# Recorded data:
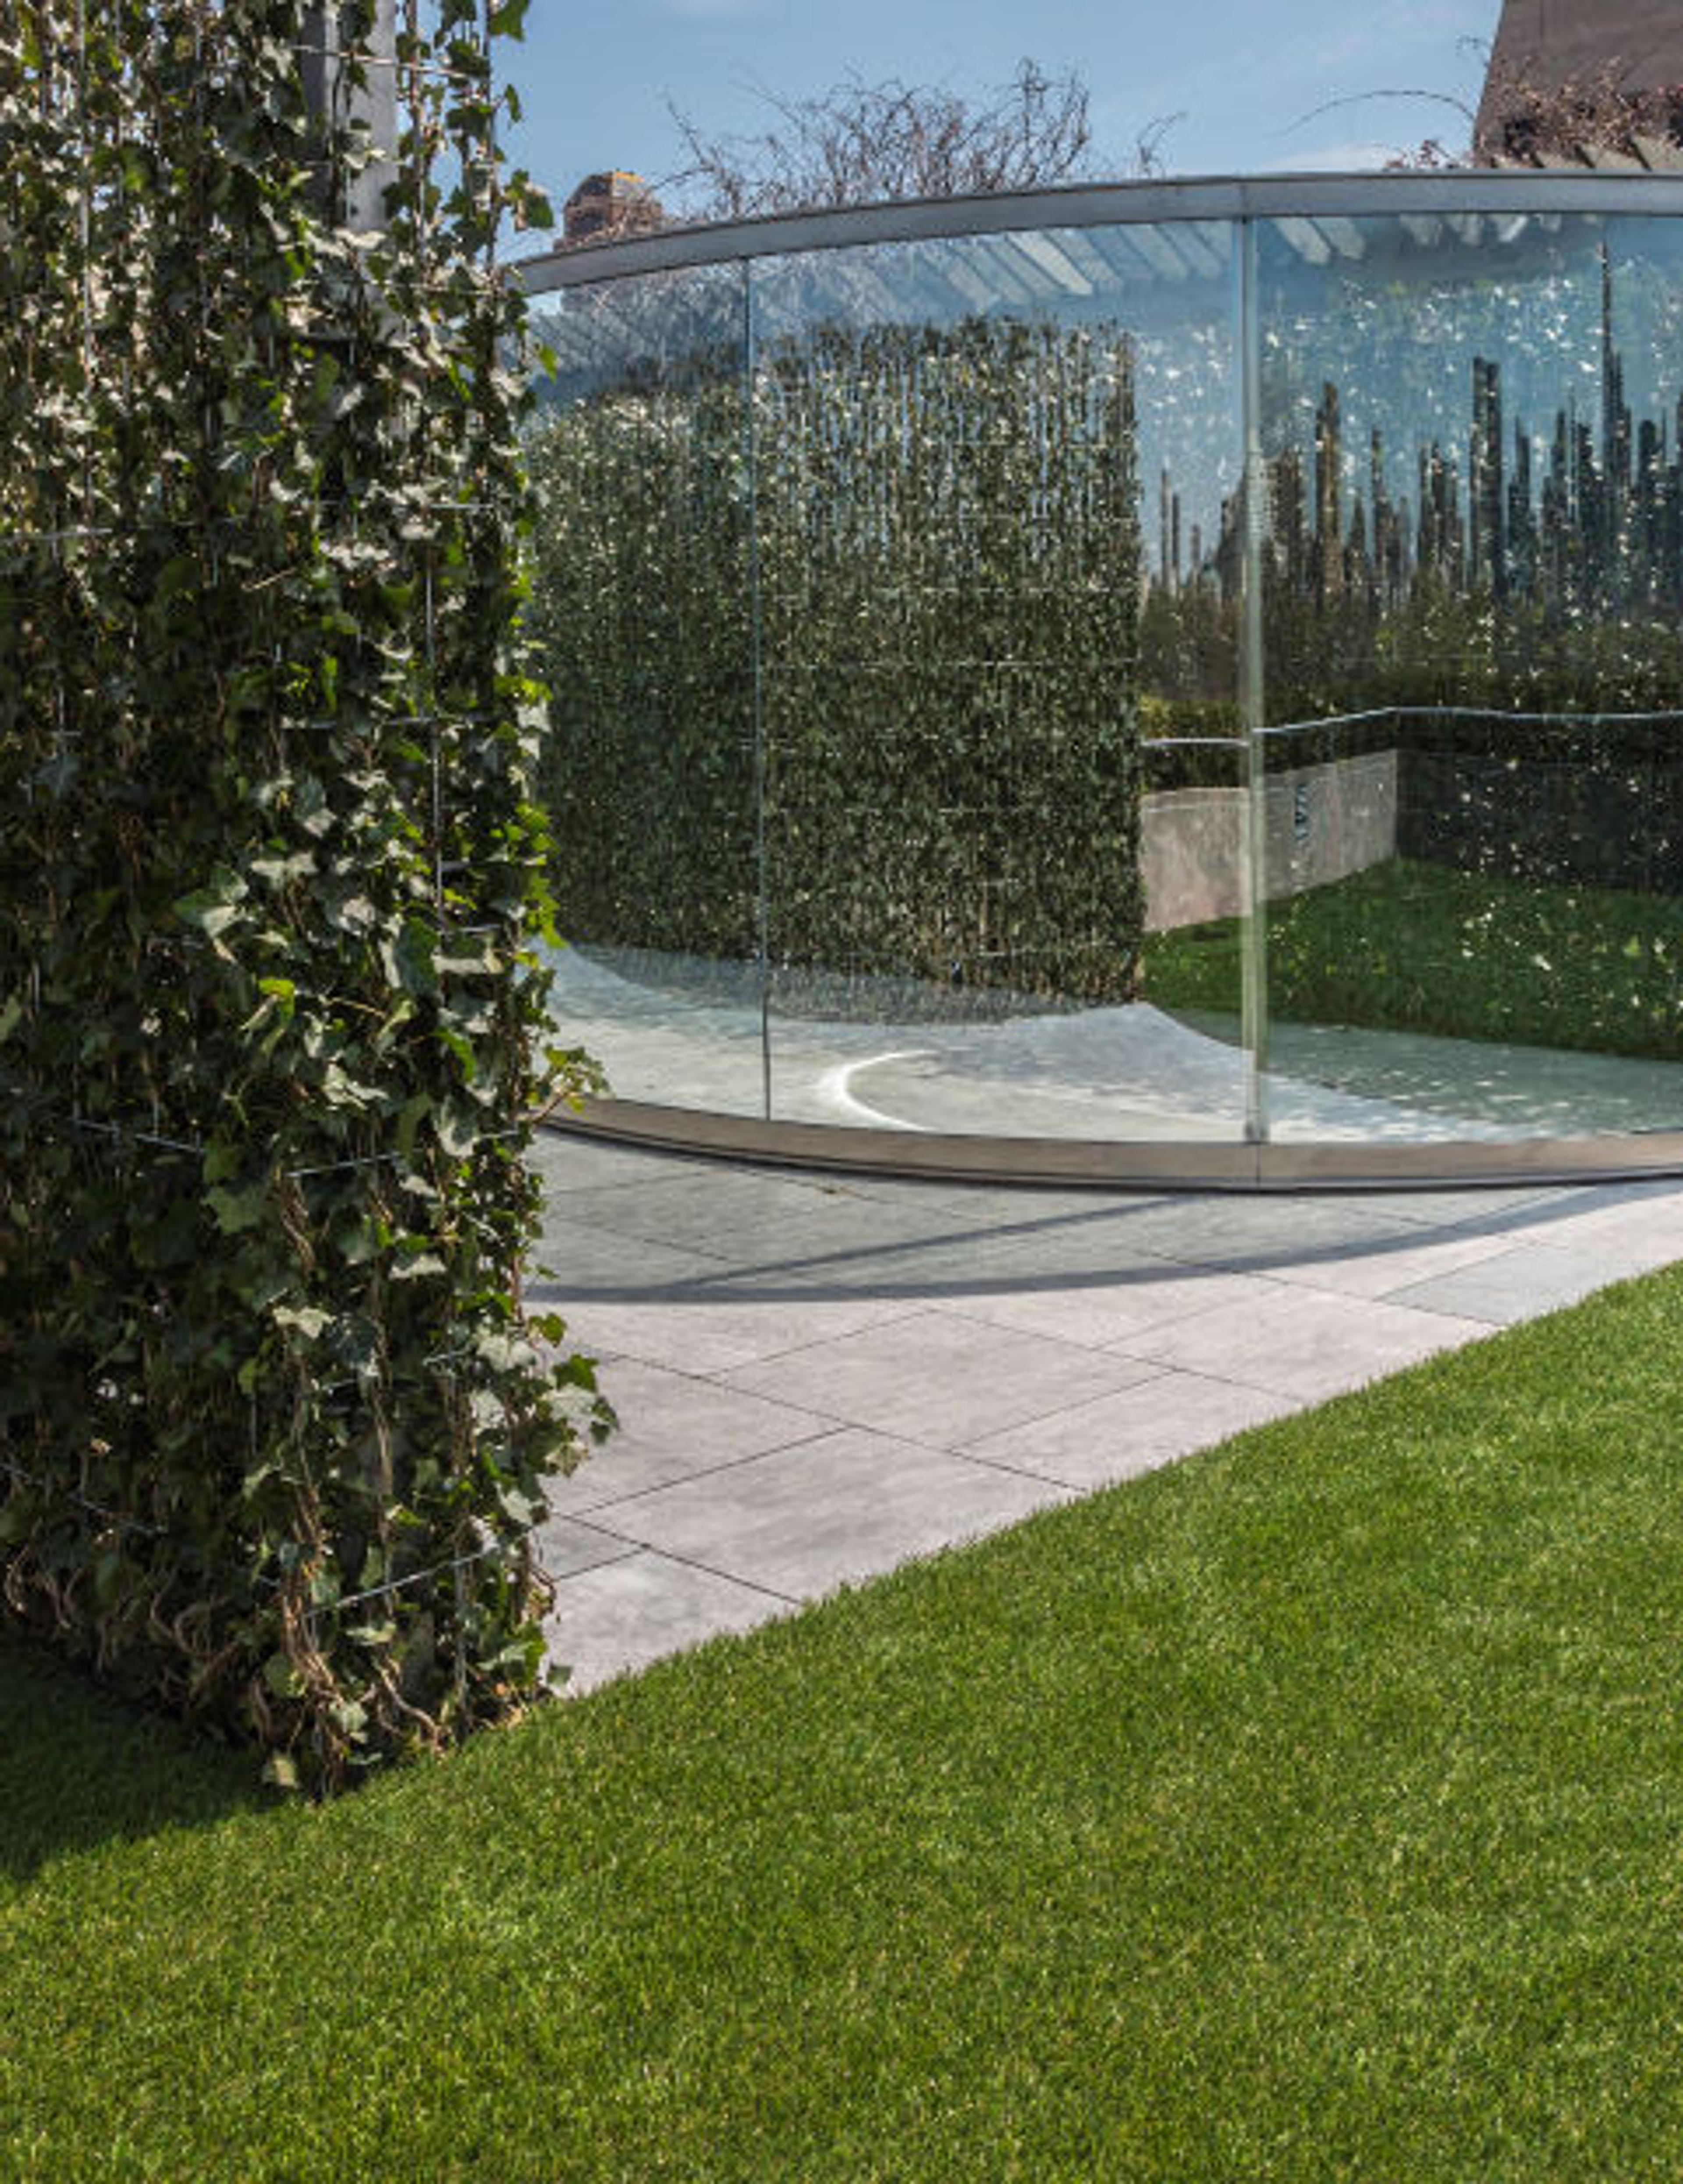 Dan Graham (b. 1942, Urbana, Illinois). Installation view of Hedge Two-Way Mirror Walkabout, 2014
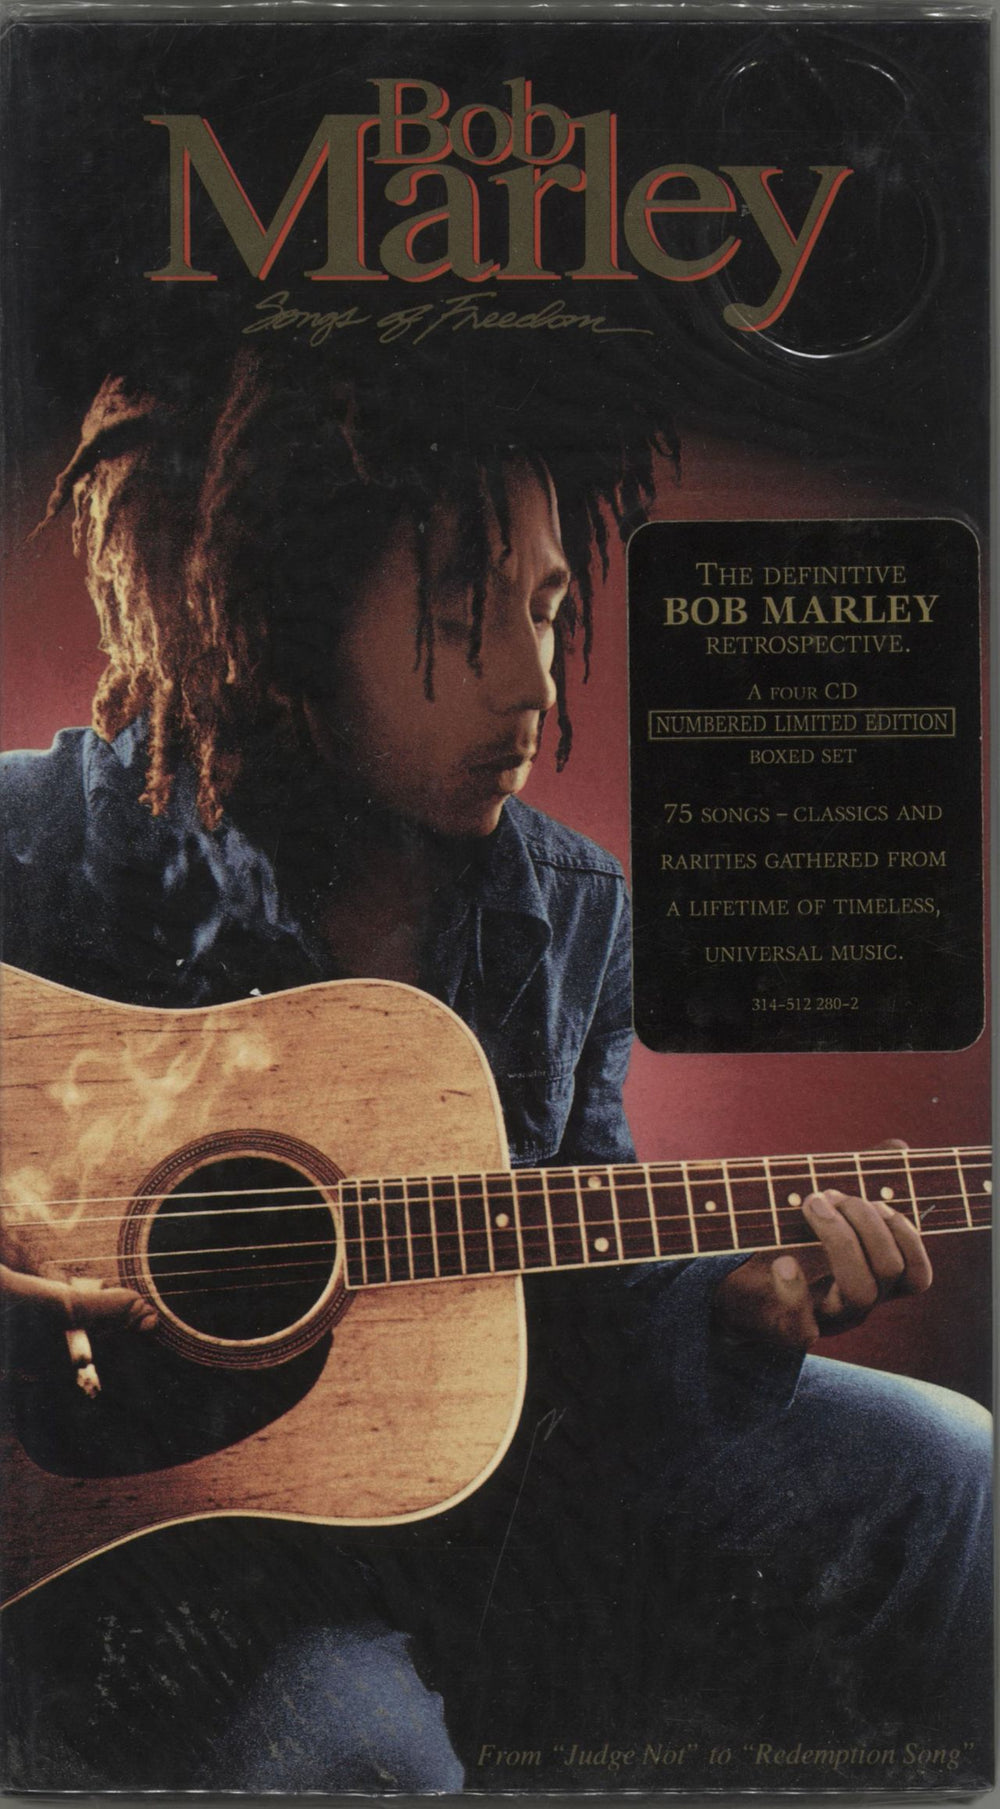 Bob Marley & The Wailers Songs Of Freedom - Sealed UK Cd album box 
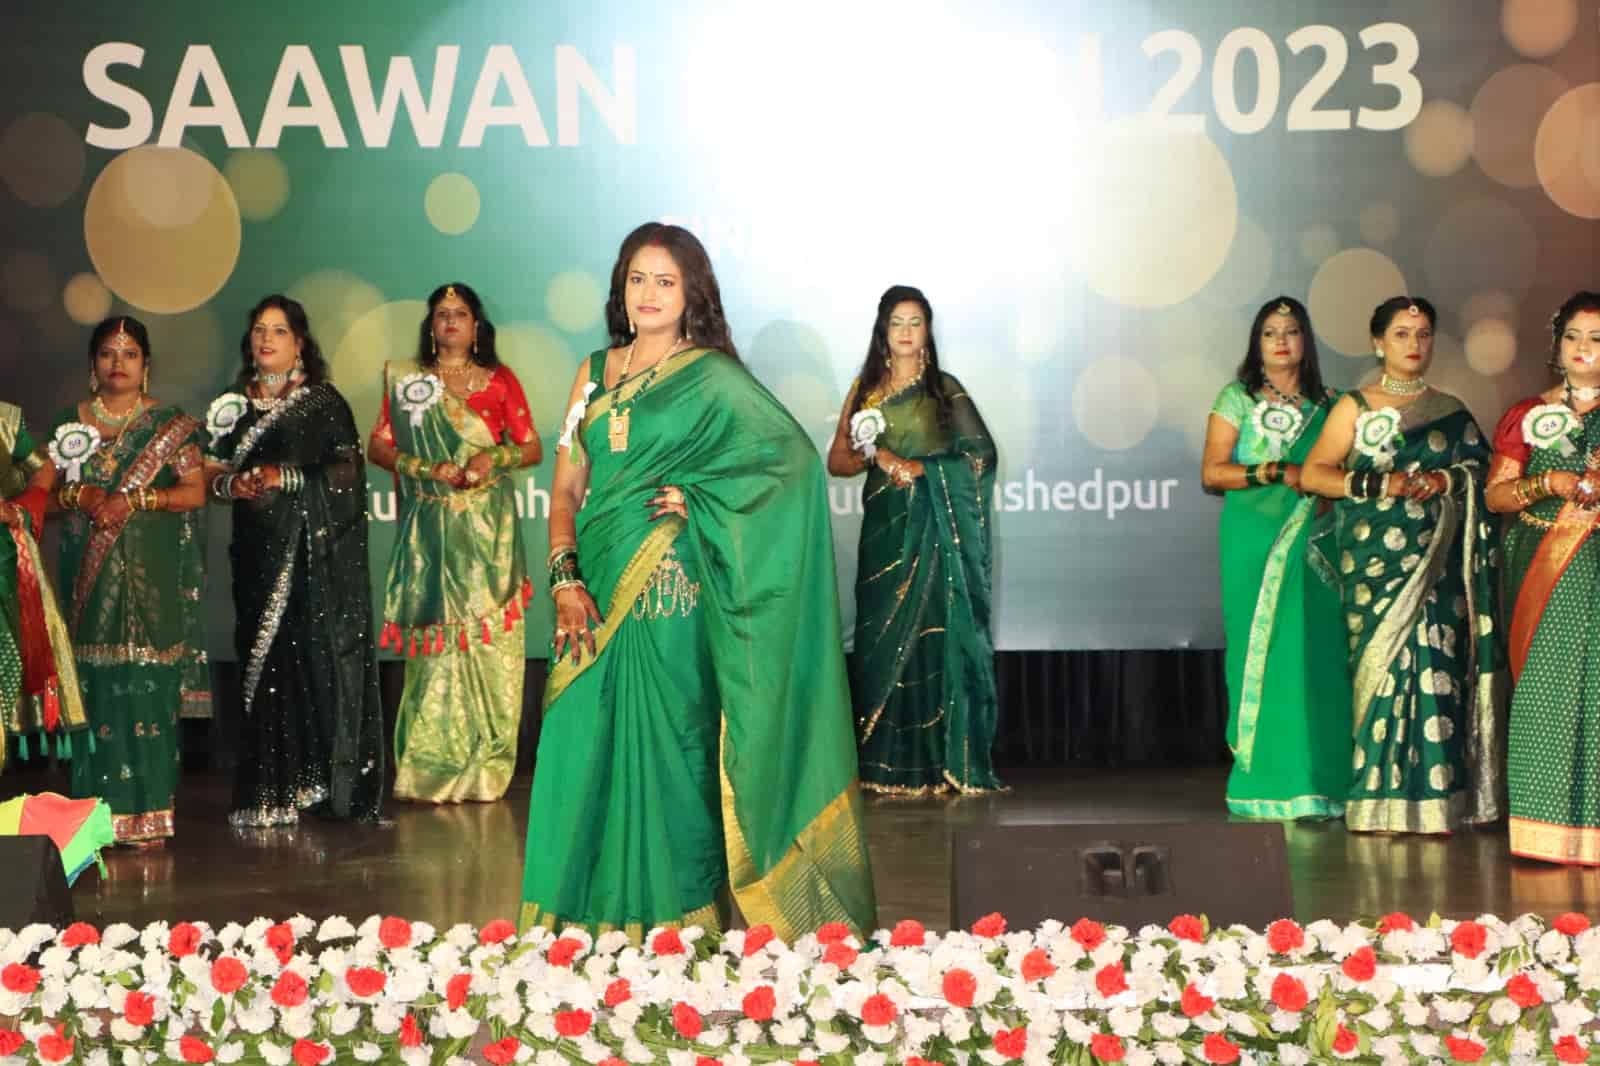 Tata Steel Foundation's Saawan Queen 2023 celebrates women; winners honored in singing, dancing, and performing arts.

# Activity:
Give the listing again exactly, minus its images.

# Solution:
 Dan Graham (b. 1942, Urbana, Illinois). Installation view of Hedge Two-Way Mirror Walkabout, 2014
 Bob Marley & The Wailers Songs Of Freedom - Sealed UK Cd album box 
 Tata Steel Foundation's Saawan Queen 2023 celebrates women; winners honored in singing, dancing, and performing arts.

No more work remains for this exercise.